Semiautomated improvement of RNA alignments

  1. Ebbe S. Andersen1,
  2. Allan Lind-Thomsen2,7,
  3. Bjarne Knudsen3,
  4. Susie E. Kristensen2,
  5. Jakob H. Havgaard2,
  6. Elfar Torarinsson2,4,
  7. Niels Larsen5,
  8. Christian Zwieb6,
  9. Peter Sestoft4,
  10. Jørgen Kjems1, and
  11. Jan Gorodkin2
  1. 1Department of Molecular Biology, University of Aarhus, DK-8000 Århus C, Denmark
  2. 2Division of Genetics and Bioinformatics, IBHV, and Center for Bioinformatics, University of Copenhagen, DK-1870 Frederiksberg C, Denmark
  3. 3CLC bio A/S, DK-8000 Århus C, Denmark
  4. 4Center for Bioinformatics and Department of Natural Sciences, University of Copenhagen, DK-1871 Frederiksberg C, Denmark
  5. 5Danish Genome Institute, DK-8000 Århus C, Denmark
  6. 6Department of Molecular Biology, The University of Texas Health Science Center at Tyler, Tyler, Texas 75708-3154, USA

Abstract

We have developed a semiautomated RNA sequence editor (SARSE) that integrates tools for analyzing RNA alignments. The editor highlights different properties of the alignment by color, and its integrated analysis tools prevent the introduction of errors when doing alignment editing. SARSE readily connects to external tools to provide a flexible semiautomatic editing environment. A new method, Pcluster, is introduced for dividing the sequences of an RNA alignment into subgroups with secondary structure differences. Pcluster was used to evaluate 574 seed alignments obtained from the Rfam database and we identified 71 alignments with significant prediction of inconsistent base pairs and 102 alignments with significant prediction of novel base pairs. Four RNA families were used to illustrate how SARSE can be used to manually or automatically correct the inconsistent base pairs detected by Pcluster: the mir-399 RNA, vertebrate telomase RNA (vert-TR), bacterial transfer-messenger RNA (tmRNA), and the signal recognition particle (SRP) RNA. The general use of the method is illustrated by the ability to accommodate pseudoknots and handle even large and divergent RNA families. The open architecture of the SARSE editor makes it a flexible tool to improve all RNA alignments with relatively little human intervention. Online documentation and software are available at http://sarse.ku.dk.

Keywords

Footnotes

  • 7 Present address: Wilhelm Johannsen Centre for Functional Genome Research, Department of Cellular and Molecular Medicine, The Panum Institute, University of Copenhagen, Blegdamsvej 3, DK-2200, Copenhagen N, Denmark.

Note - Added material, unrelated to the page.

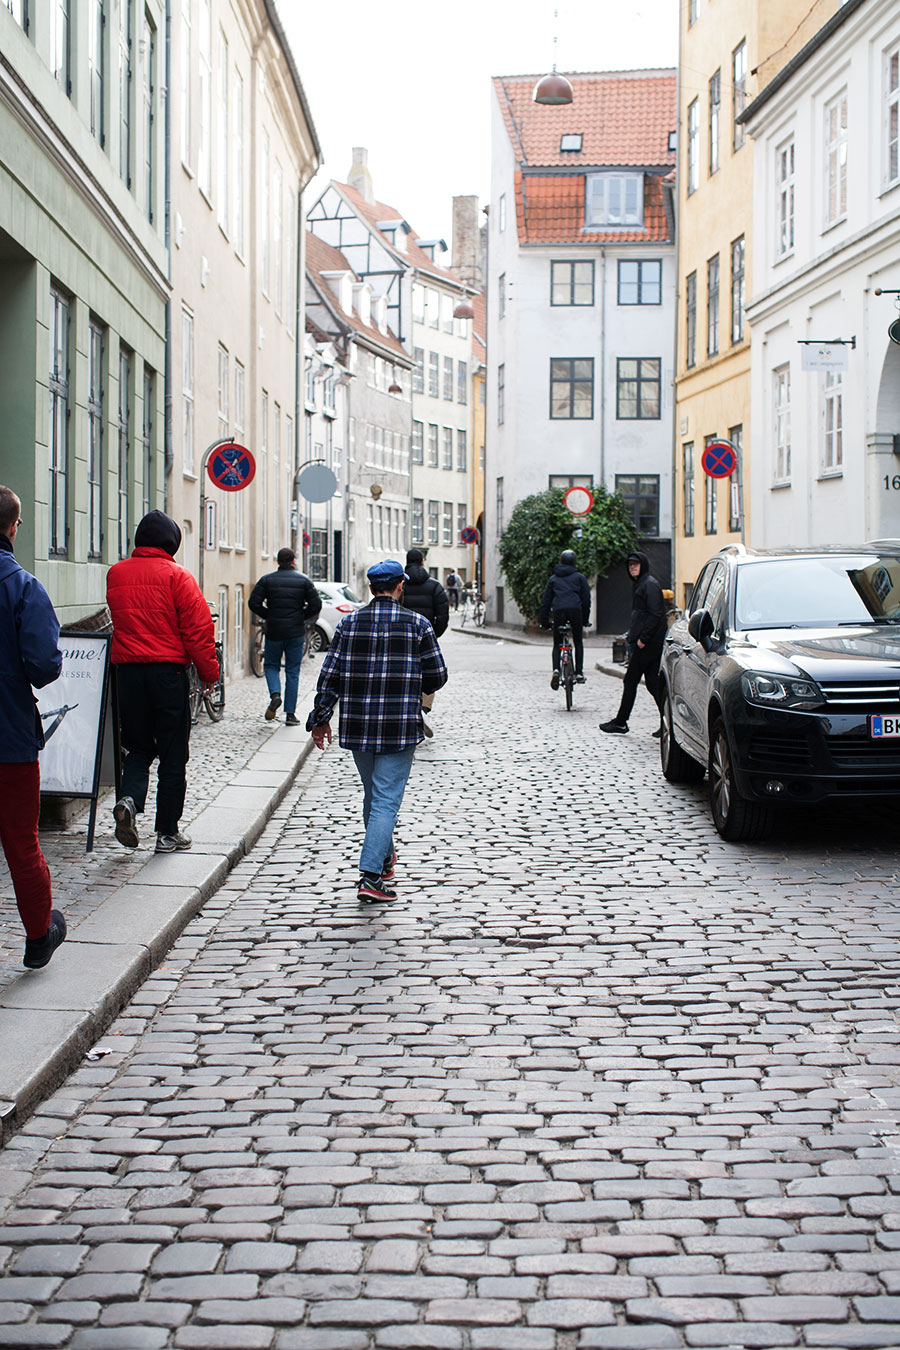 danskebåten oslo københavn priser
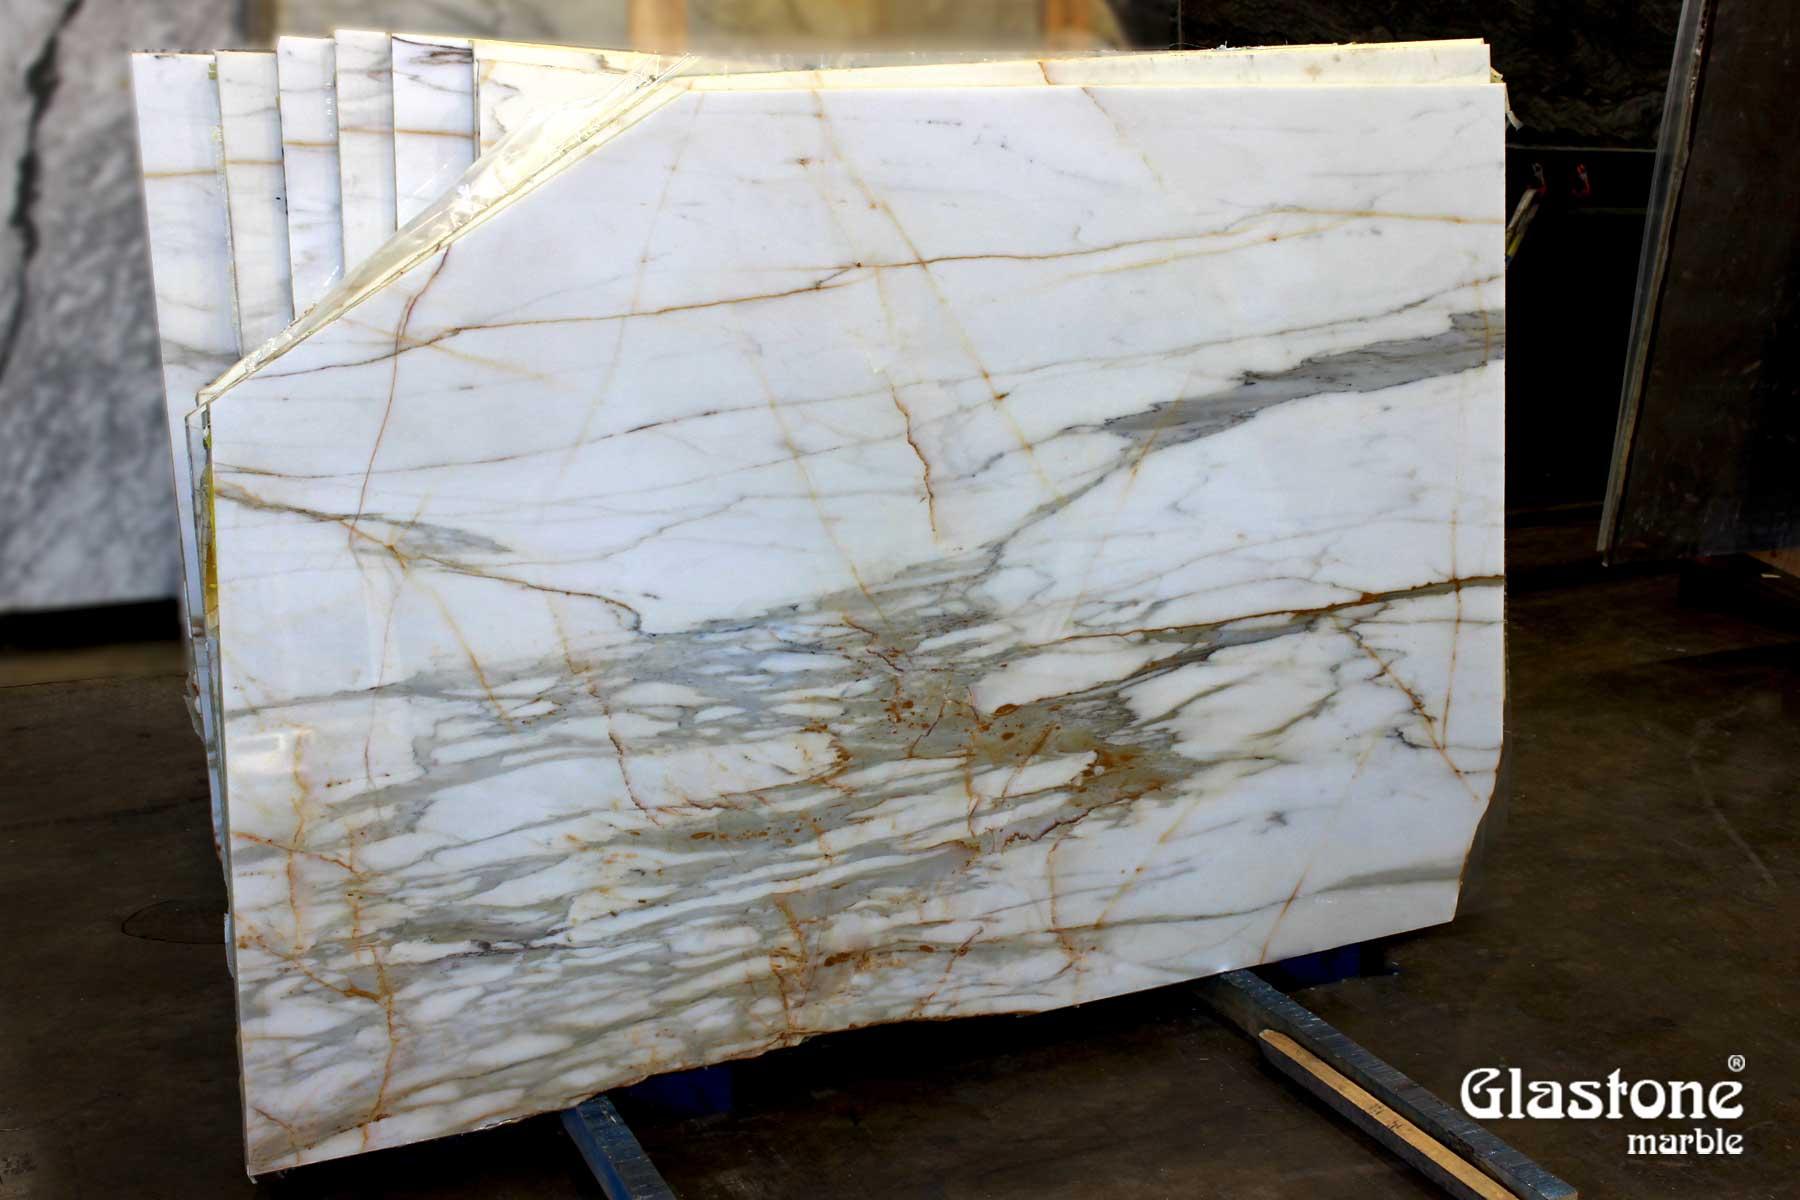 glastone marble marmol solerialaminado vidrio marmol natural calacatta oro

  • Reprint requests to: Jan Gorodkin, Division of Genetics and Bioinformatics, IBHV, and Center for Bioinformatics, University of Copenhagen, Grønnegårdsvej 3, DK-1870 Frederiksberg C, Denmark; e-mail: gorodkin{at}genome.ku.dk; fax: 45 3528 3042.

  • Article published online ahead of print. Article and publication date are at http://www.rnajournal.org/cgi/doi/10.1261/rna.215407.

    • Received July 11, 2007.
    • Accepted August 2, 2007.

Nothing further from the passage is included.